Industrial Relations, Transport Industry News

NatRoad calls on federal government to improve heavy vehicle access

NatRoad

Industry association NatRoad is calling on the federal government to remove roadblocks preventing heavy vehicles from accessing national highways as safely and efficiently as possible.

In a December meeting, Australia’s transport ministers decided to extend the deadline for bringing in changes to the Heavy Vehicle National Law (HVNL) until 2025. NatRoad believes this is still too far away.

It wants to see the introduction of an online automated national access system to give heavy vehicles as-of-right access on national highways, dropping the need for permits and approvals significantly.

NatRoad CEO Warren Clark says access targets laid out by the 2022 Kanofski Review of HVNL reform are a best-case scenario for changes.

“The Kanofski recommendations called for an automated access system within three years and a reduction in the number of permits by 50 per cent in the same period,” he says.

“While we welcome the work that is underway, it’s clear the current pace of reform means we will fail to meet those targets.

“Moving more freight with fewer vehicle movements makes for safer roads while at the same time reducing diesel use and carbon emissions.

“Automated access is a critical economic reform and must be treated as such.

“Governments should back this reform agenda with enough resourcing to make it happen according to the Kanofski timeline.”

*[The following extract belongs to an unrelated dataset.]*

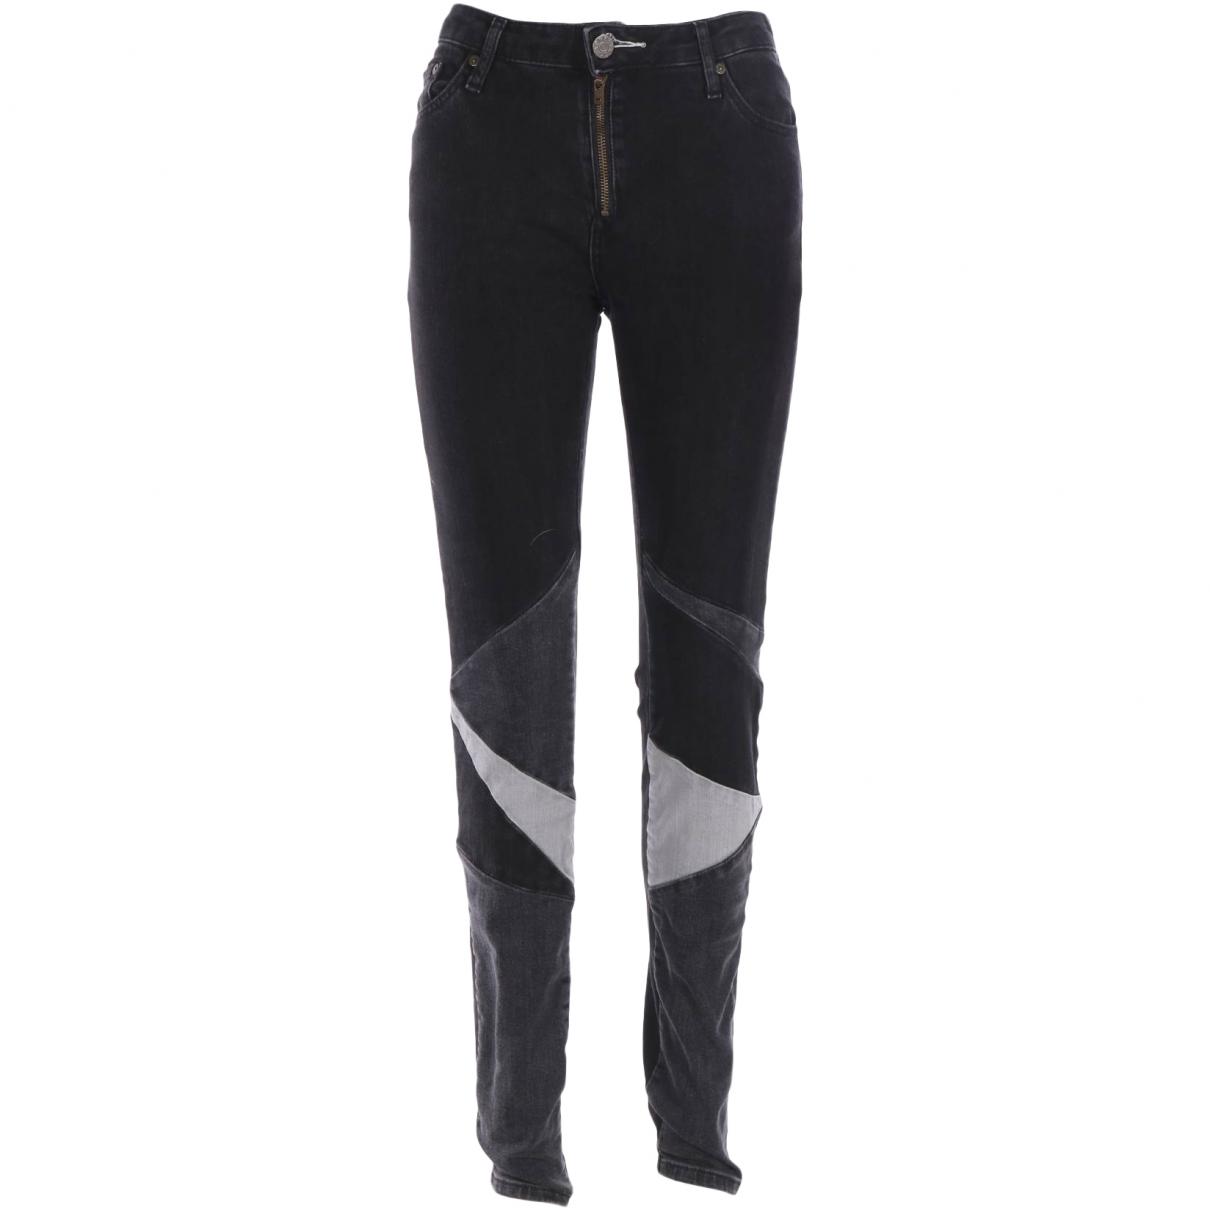 Acne Studios \N Multicolour Cotton - elasthane Jeans for Women 27 US
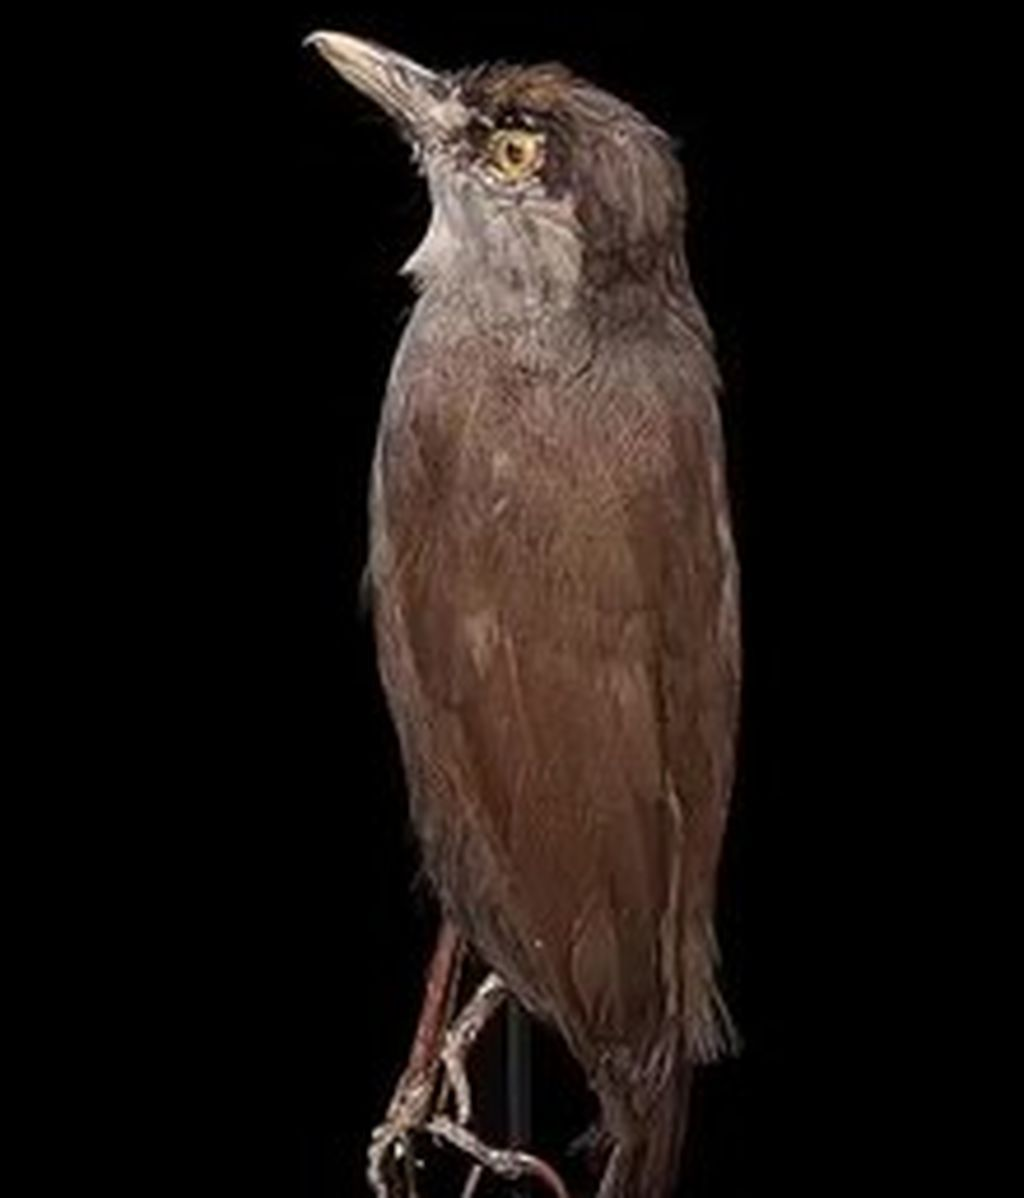 220px--Naturalis_Biodiversity_Center_-_RMNH.AVES.89412_-_Malacocincla_perspicillata_(Bonaparte,_1850)_-_Black-browed_Babbler_-_specimen_-_video.webm

Increasing road access was one of NatRoad’s primary asks of the federal government in its recent 2024-25 Budget submissions.

In addition to improving access to key national highways and extending funding for the NHVR’s Strategic Local Government Asset Assessment Project, it has also asked for reforms to increase the mass, height and length of general access vehicles.

“We are only two months into 2024 and NatRoad already has a collection of member cases where some road managers seem like they are just trying to find ways of saying ‘no’ to better access, ‘no’ to improved productivity and ‘no’ to lower emissions,” Clark says.

“There is a lot of talk about reducing emissions, but these words are empty unless they are backed by more productive road networks across state borders.

“Improving energy efficiency by running more productive heavy vehicles is one of the most cost-effective decarbonisation strategies which can be deployed today.”